Abstract

Radionuclide, stable lead isotope and trace metal analyses on fine-grained sediment cores collected along a 24-mile reach of the upper Hudson River were used to establish temporal trends of contaminant loadings, to establish stable lead isotopes as an additional stratigraphic tool, and as tracers for resolving particle transport fluxes over periods of decades. Very large contaminant inputs of Cd, Sb, Pb and Cr were evident in the sediment record. One potential large source for these metals was from a pigment manufacturing facility in Glens Falls, NY. The total range in stable lead isotope ratios observed in well-dated cores from about 15 miles downstream of the potential metal inputs was large (e.g., maximum difference in 206Pb/ 207Pb is 10%) and characterized by four major shifts occurring in the 1950s, 1960s, 1970s and 1980s. The temporal trend in 206Pb/ 207Pb has been used to establish precise dating of a sediment core from 24 miles further downstream.
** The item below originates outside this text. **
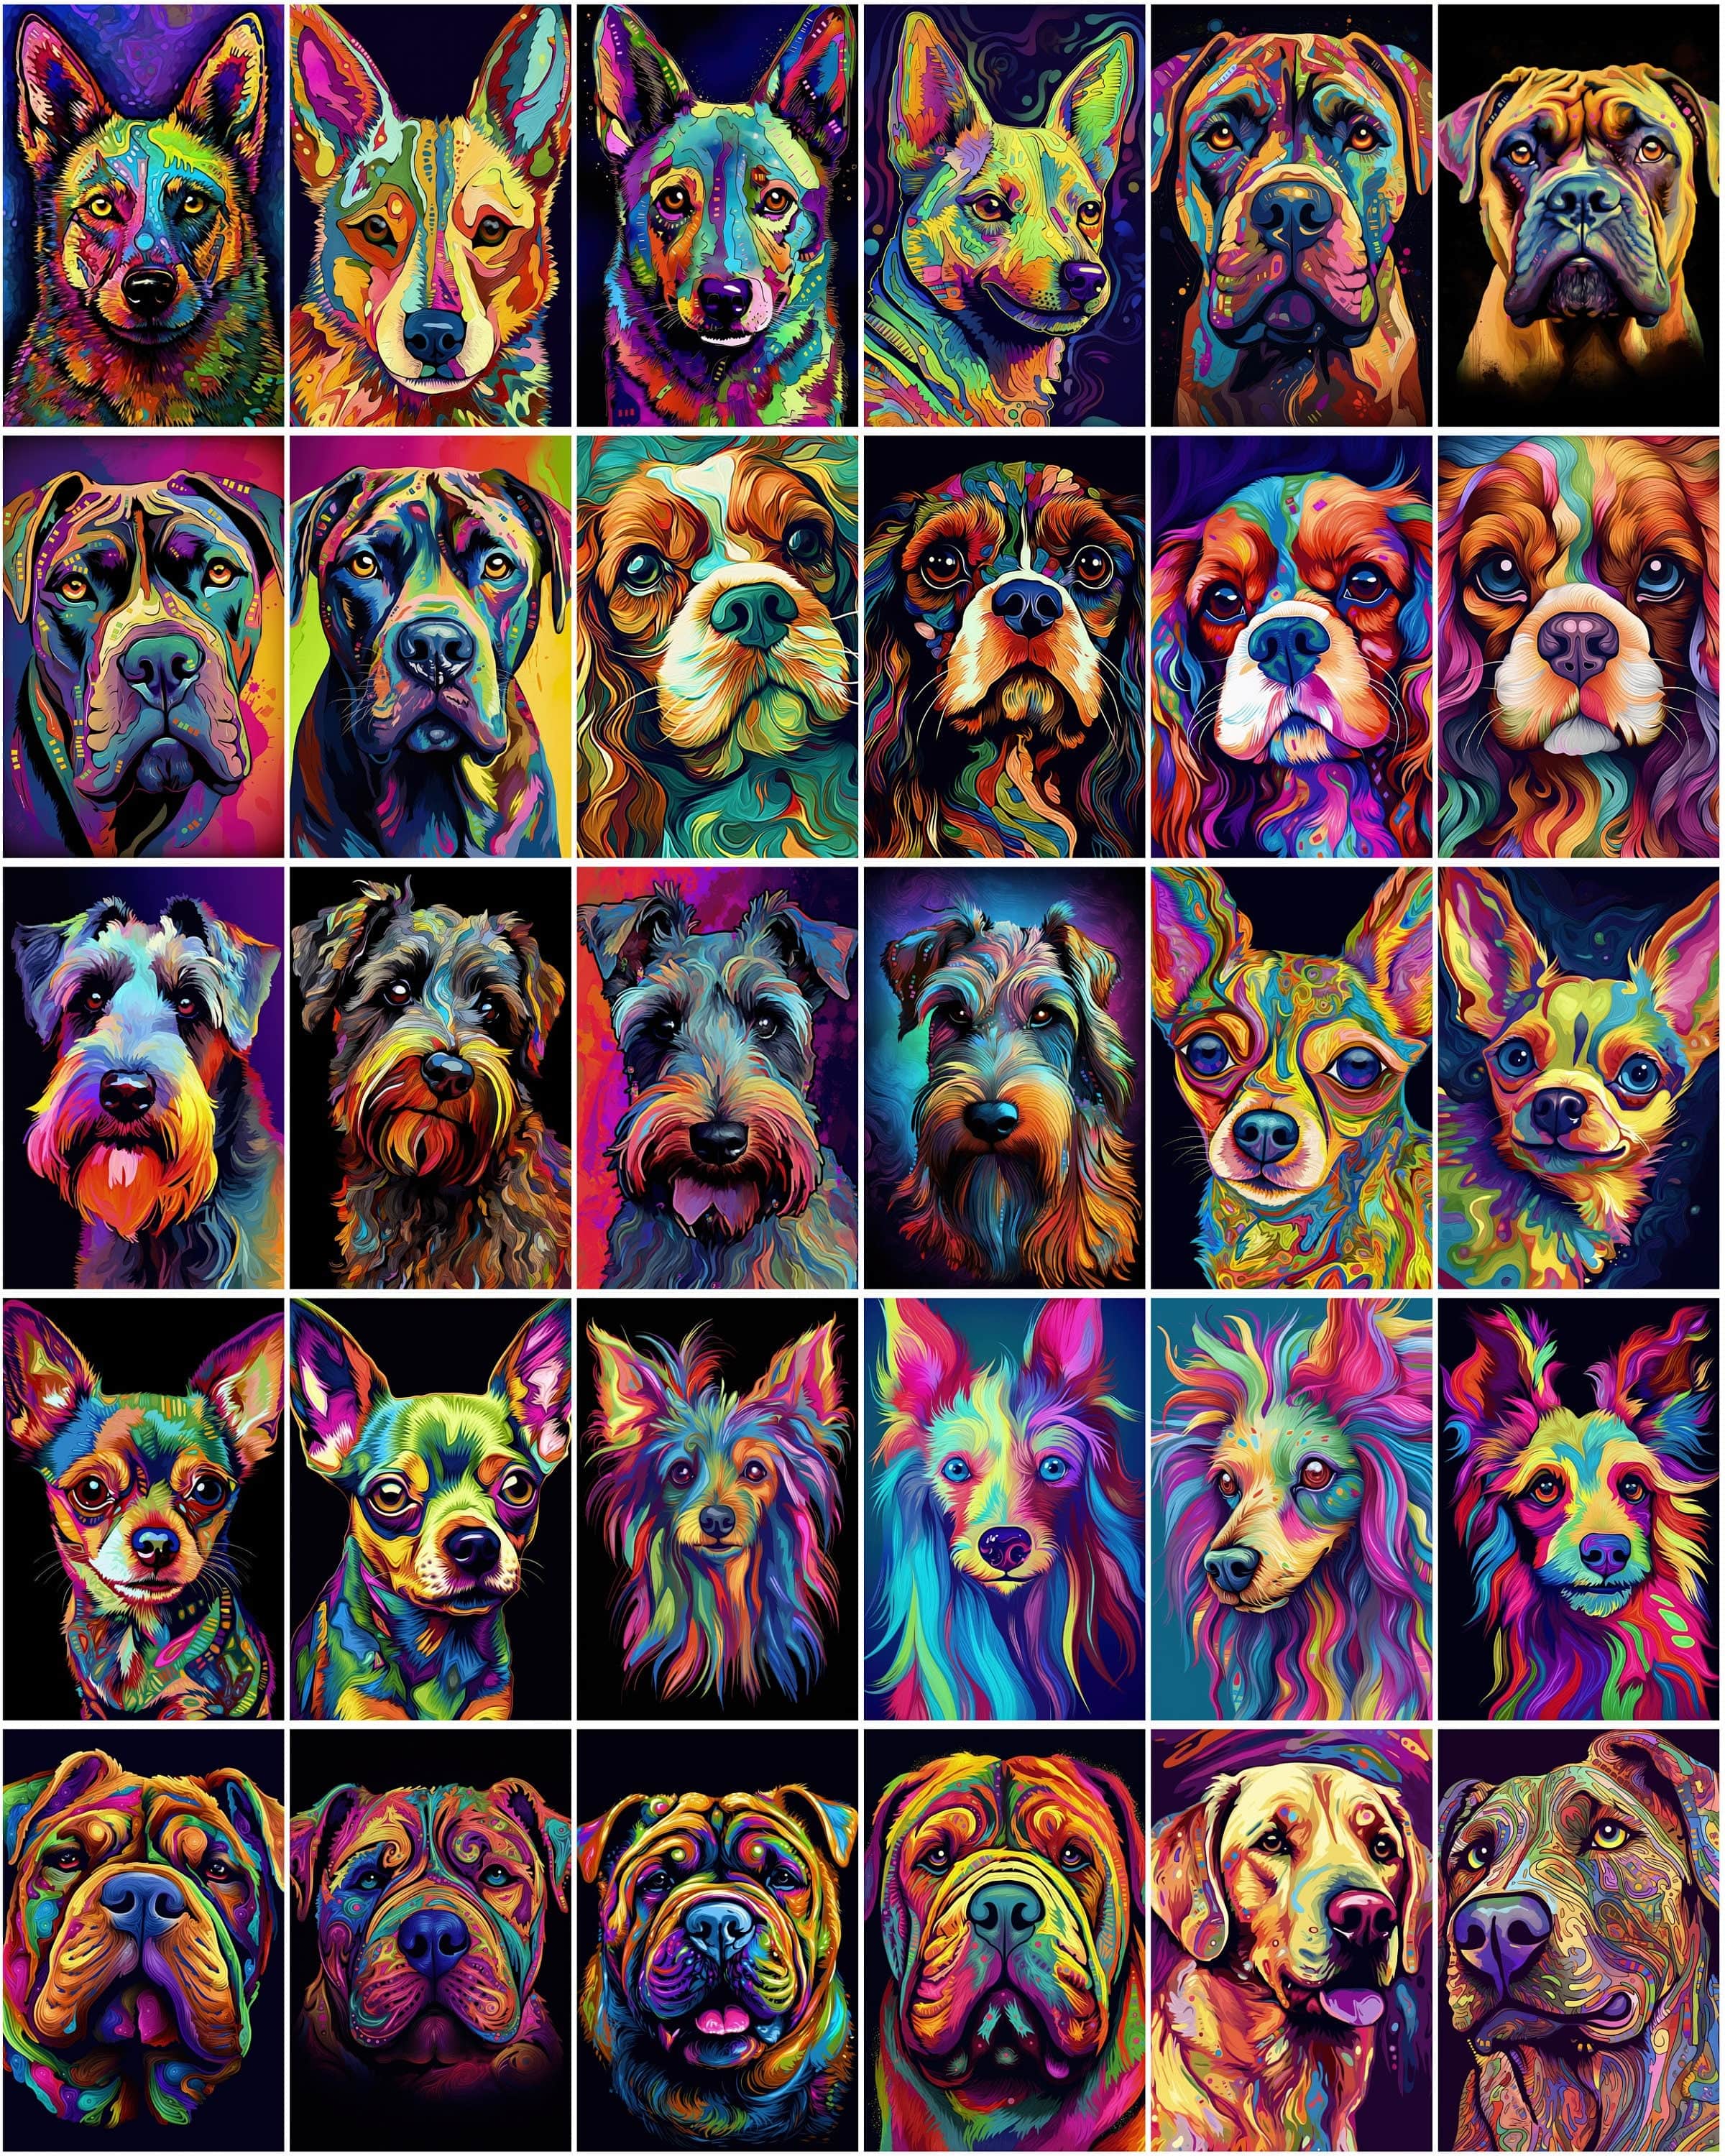 770 Psychedelic Dog Breed Images, Colorful Dog Illustrations, Commercial License Included Digital Download Sumobundle

The large magnitude and abrupt shifts in stable lead isotope ratios preserved in upper Hudson sediment cores provide a way to significantly improve dating models, based only on radionuclide analyses. Cadmium, lead and antimony were identified as quite sensitive tracers of upper Hudson sediments due to the magnitude of contamination and the lack of significant additional downstream sources of these contaminant metals. Metal measurements in a pair of sediment cores located 24 miles apart were used to constrain relative fluxes of sediment entering the river between the two coring locations, with sediment sections deposited between the early 1960s and the late 1970s in these two cores suggesting that 3–4 times more sediment entered the river between the two coring sites than was transported from upstream. These dilution factors agree very well with estimates based on suspended sediment measurements during a flood event in April 1994 and with estimates based on mechanistic model of suspended sediment transport between 1977 and 1992.